Иван с отцом согласен. Он давно уже видел, что кремлёвская стена не ремонта требует, а возведения новой. И отец правильно решил: надобно начинать с башен. Они настолько обветшали, что не выдержат долгой осады.
Государь сокрушается о его хворях. Ивану Молодому и самому болеть надоело. Ждёт, когда лекарь на ноги его поставит…
Сглотнул пересохшим ртом, позвал отрока, дежурившего у двери опочивальни:
— Вздуй огня!
Отрок метнулся и вскоре внёс горящую свечу.
Уставился Иван в подбитый тёсом потолок, лежит, мыслями одолеваемый.
Посланный отцом в Тверь, он лишь на словах именуется великим князем.

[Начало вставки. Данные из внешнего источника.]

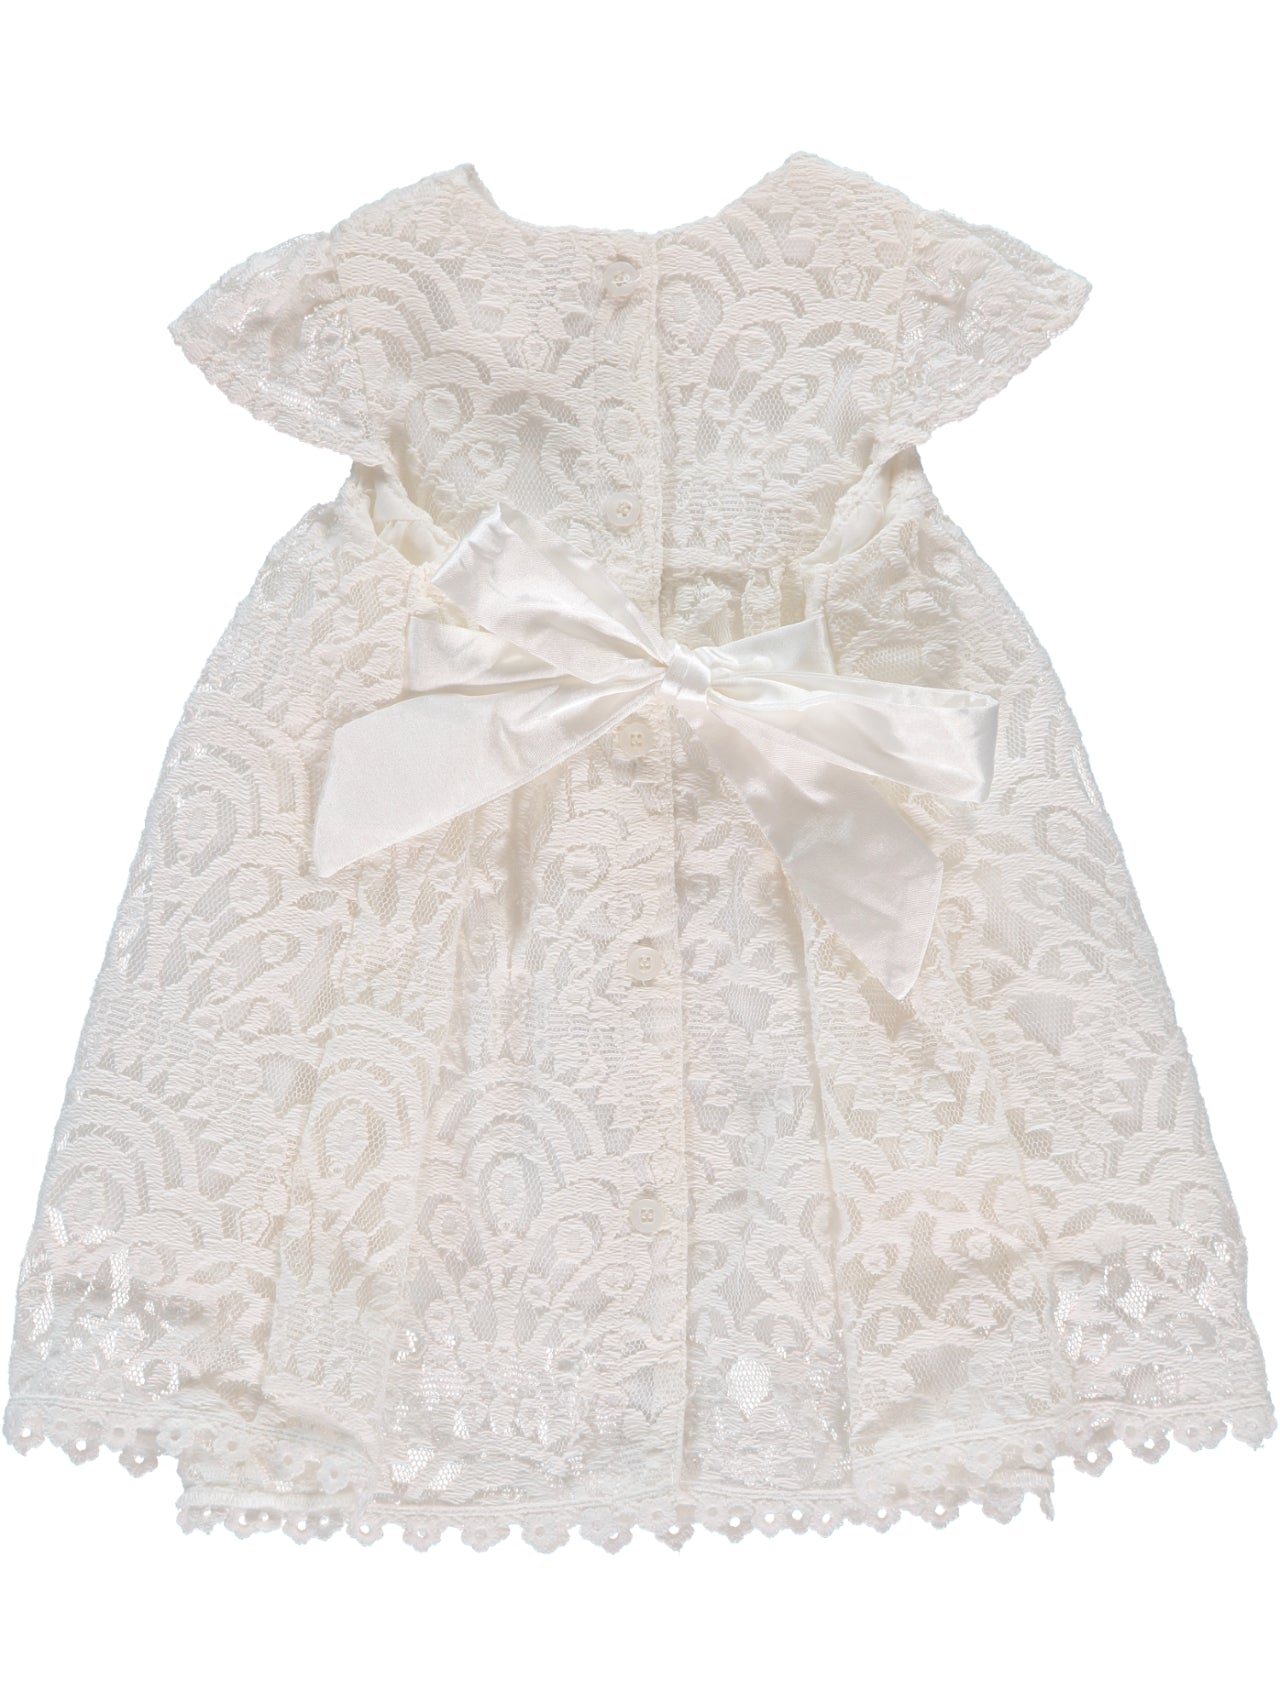 Wholesale Baby Girl Christening Lace Dress with Matching Bonnet 5 - Imagewear
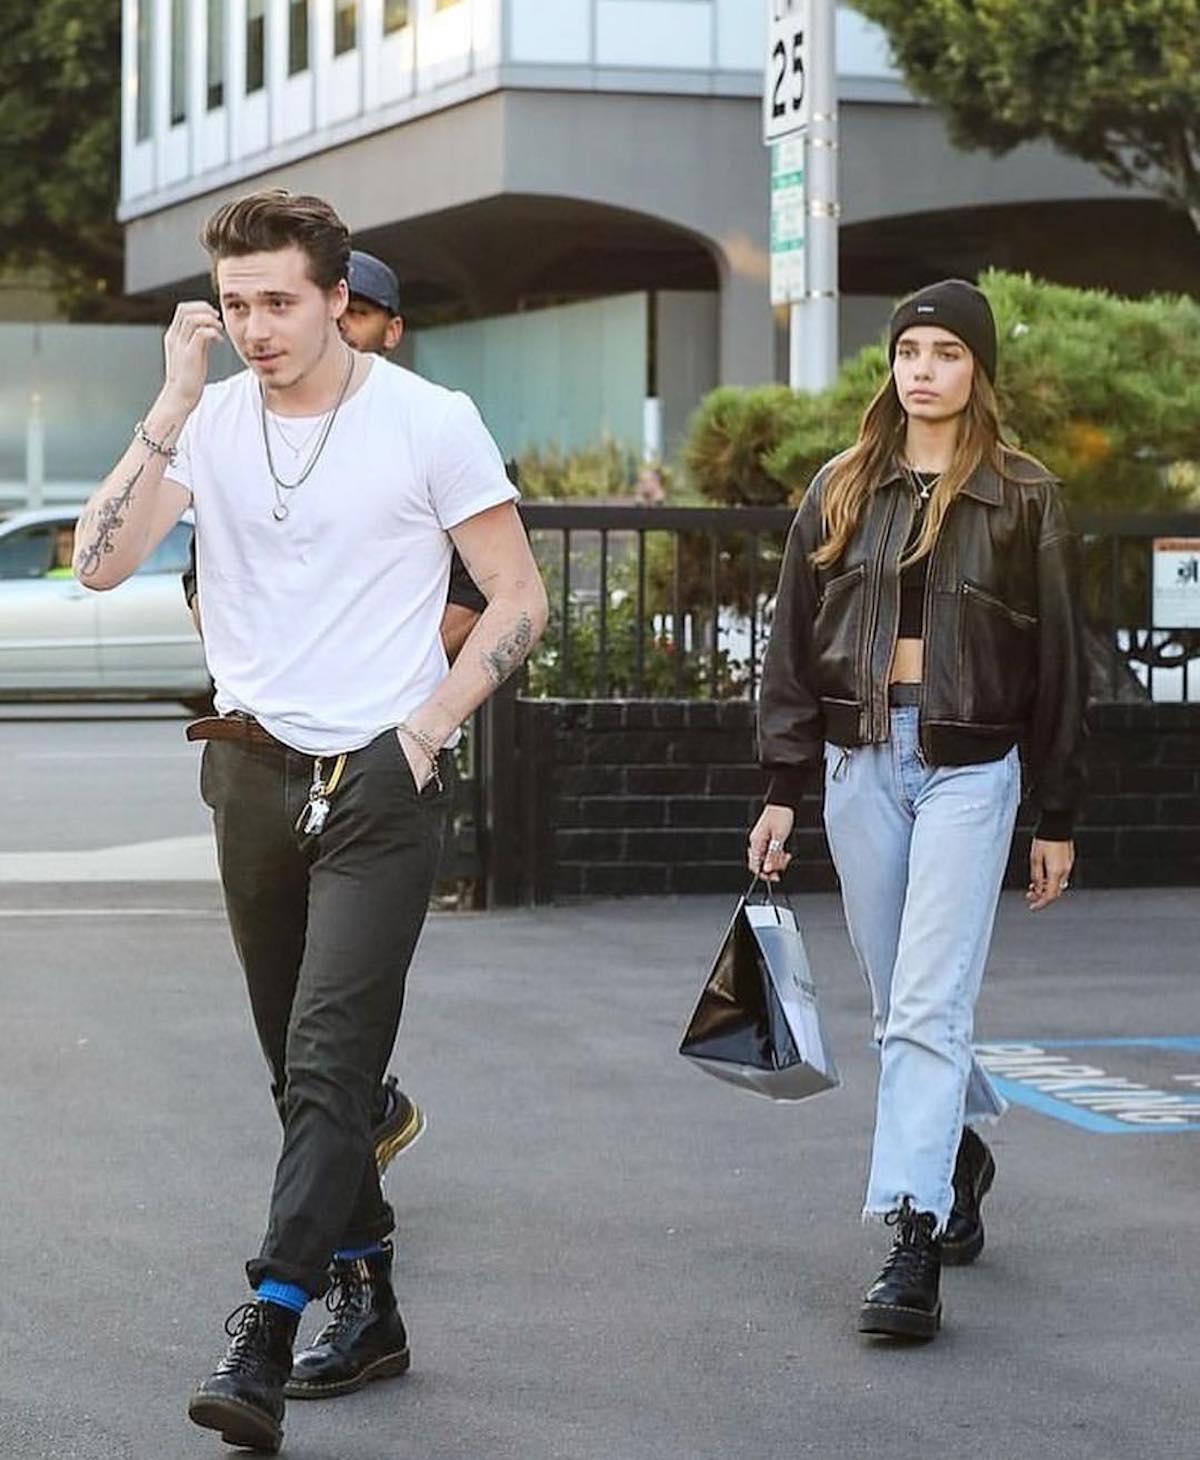 SPOTTED: Brooklyn Beckham Out & About With Girlfriend in Beverly Hills
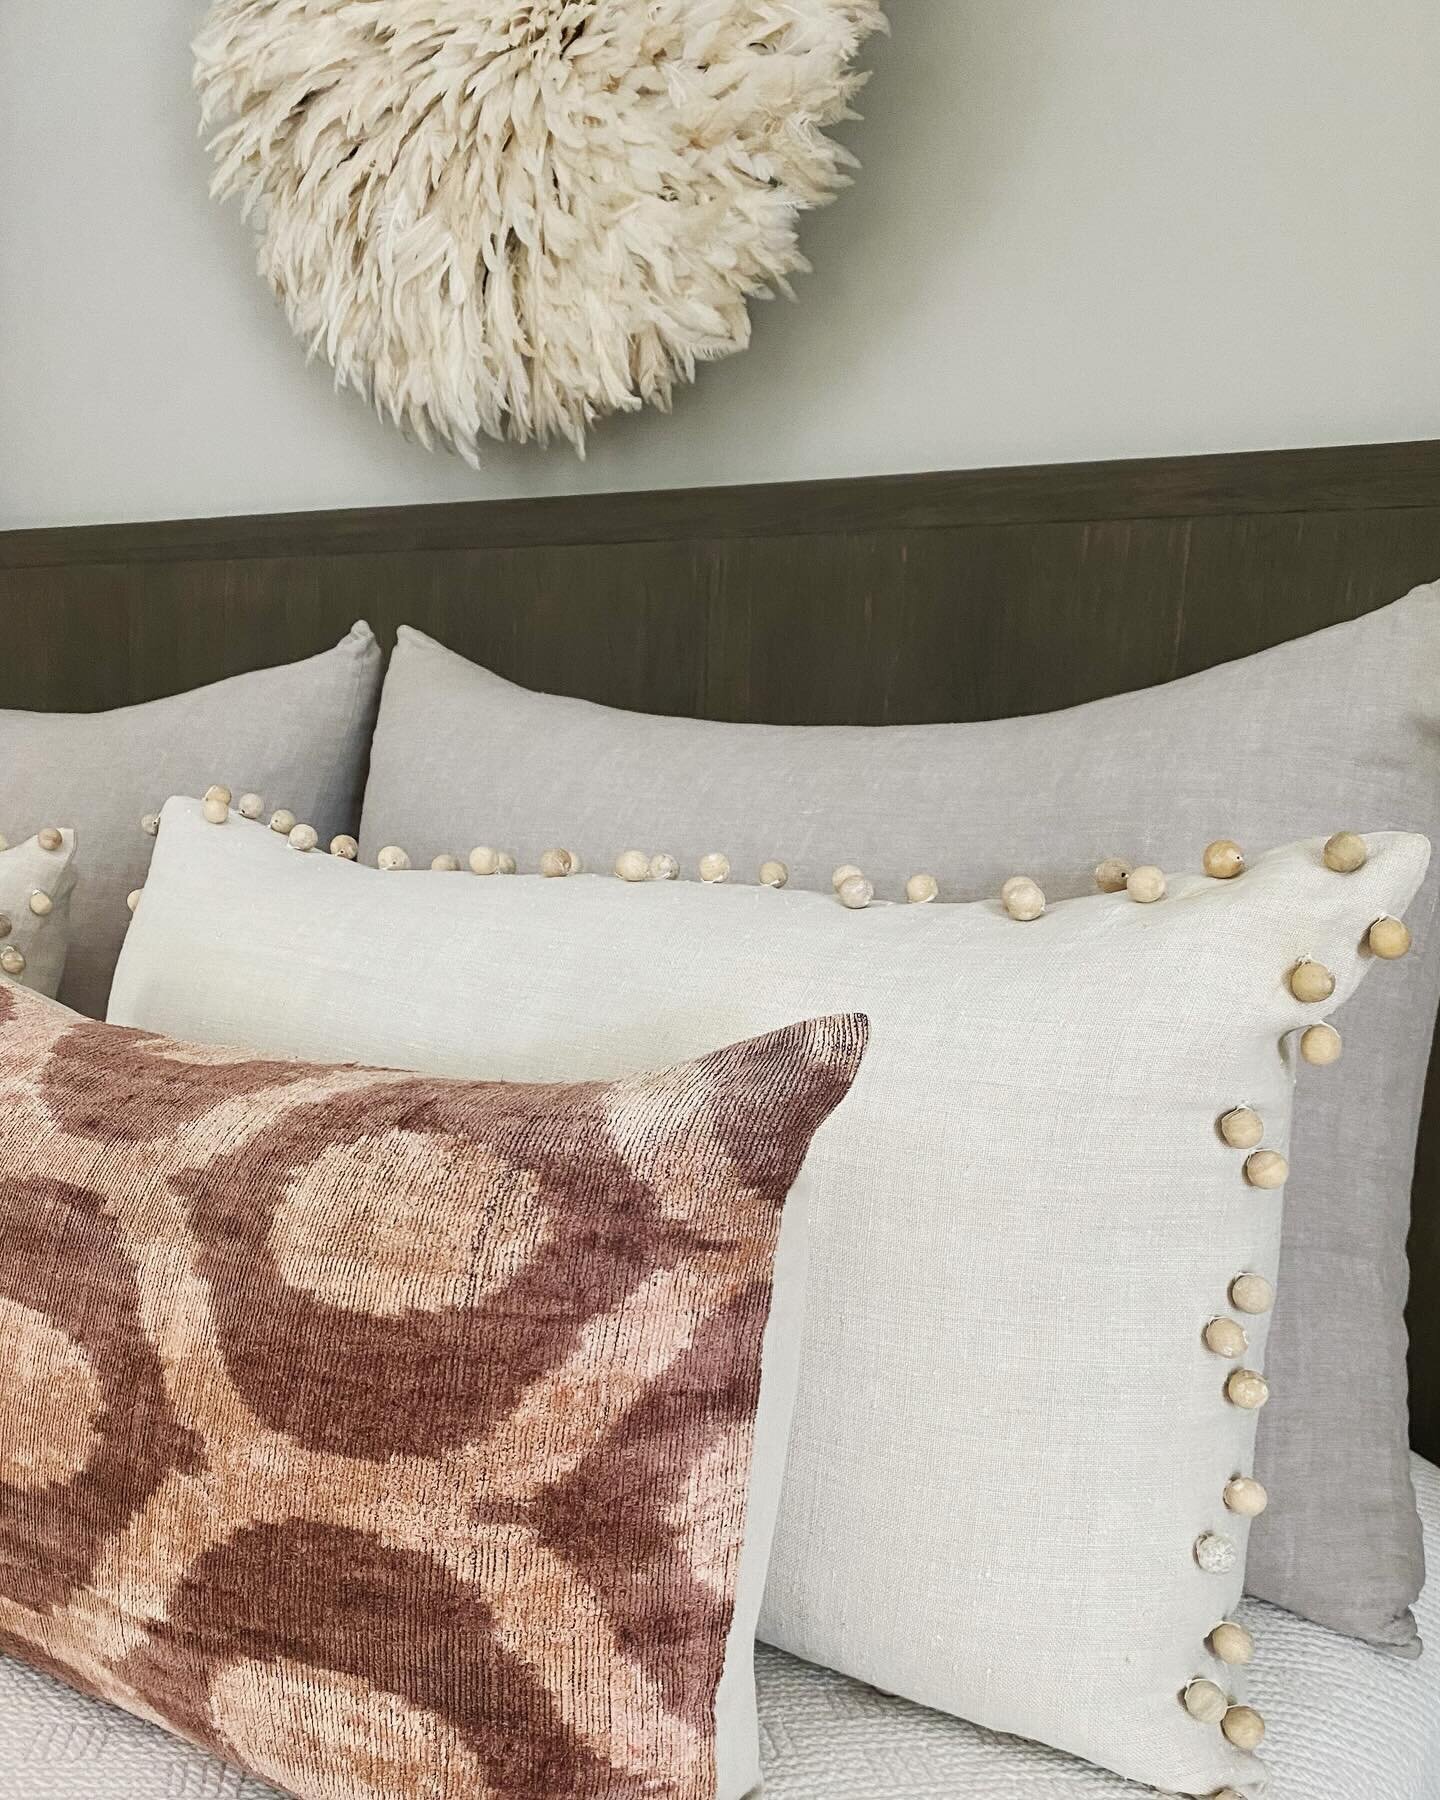 We love how the wood beaded trim adds dimension and interest to a basic linen pillow 🤩 
.
.
.
#beadeddetail #bedding #custom #custompillows #interiordesign #interiordecor #interiorphilosophy #interiorphilosophyatl

Теперь Софья станет выжидать момента, когда нанести второй удар по Ивану. И тогда отец назовёт великим князем Василия.
А он, Иван Молодой, так надеялся, что после него великим князем будет назван Дмитрий!
Софья оказалась коварней, чем он предполагал. Права была Елена, когда предупреждала, что не следует доверять Софье, её изощрённому византийскому уму.
Как он может, живя в Твери, противостоять Софье? Ко всему его одолевают болезни.
Каждый вечер иноземный лекарь приходит к нему, но его лечение не приносит облегчения.
Князь Иван ворочается с боку на бок. Неожиданно вспоминает, что это ложе принадлежало князю Михаилу. Как он там, в Литве, без Твери, где прошла большая часть жизни с каждодневными заботами?
И защемило сердце. Непредсказуем путь человека. Кто знает его, кроме Господа?
Вот и его, князя Ивана, путь как было предсказать? Когда отец, Иван Третий, на Думе провозгласил его, юного, великим князем Московским, мог ли он, княжич, предвидеть своё изгнание в Тверь?
Память вернула князя Ивана к первой поездке в Великий Новгород, куда государь послал его с дьяком Топорковым править посольство.
Они с Санькой, любопытствуя, глазели на жизнь новгородцев. Дивно им было, всё не так, как на Москве: и концы ремесленные, и торг, где иноземные товары не редки. А уж Софийский храм поразил. Да и хоромы знати новгородской удивили, многие из камня, со стекольцами италийскими…
Чудно устроена память человеческая. Она вдруг перекинула молодого великого князя к тому времени, когда жизнь забросила его на северный окоём Московской земли, где стылые дни бывали даже весной. Тогда работники тащили гружёные сани, тогда он, князь Иван, спал в дымных чумах…
Может, с того студёного края привёз он хворь свою?..
Князь Иван взглянул на оконце. Небо начало сереть. Верно, за полночь перевалило, к рассвету ночь пошла…
Новый день, новые тревоги.
Вздохнул, припомнив, как в день свадьбы отца с Софьей князь Холмский говорил ему: «Зрю я, княже, подомнёт она государя. Не сразу подомнёт, а исподволь».
Не отрывая головы от подушки, перекрестился.
— Святый Боже, святый крепкий, святый бессмертный, спаси и помилуй нас!
И тут же закружилось в голове, всё померкло. Будто душа с телом вздумала проститься. Князь упал на разбросанную по полу медвежью шкуру.
Всё бы хорошо было, утихомирилась на время земля Московской Руси от диких степей до студёных морей, от гор Каменных до Смоленска и Киева. Бежал из Твери князь Михаил.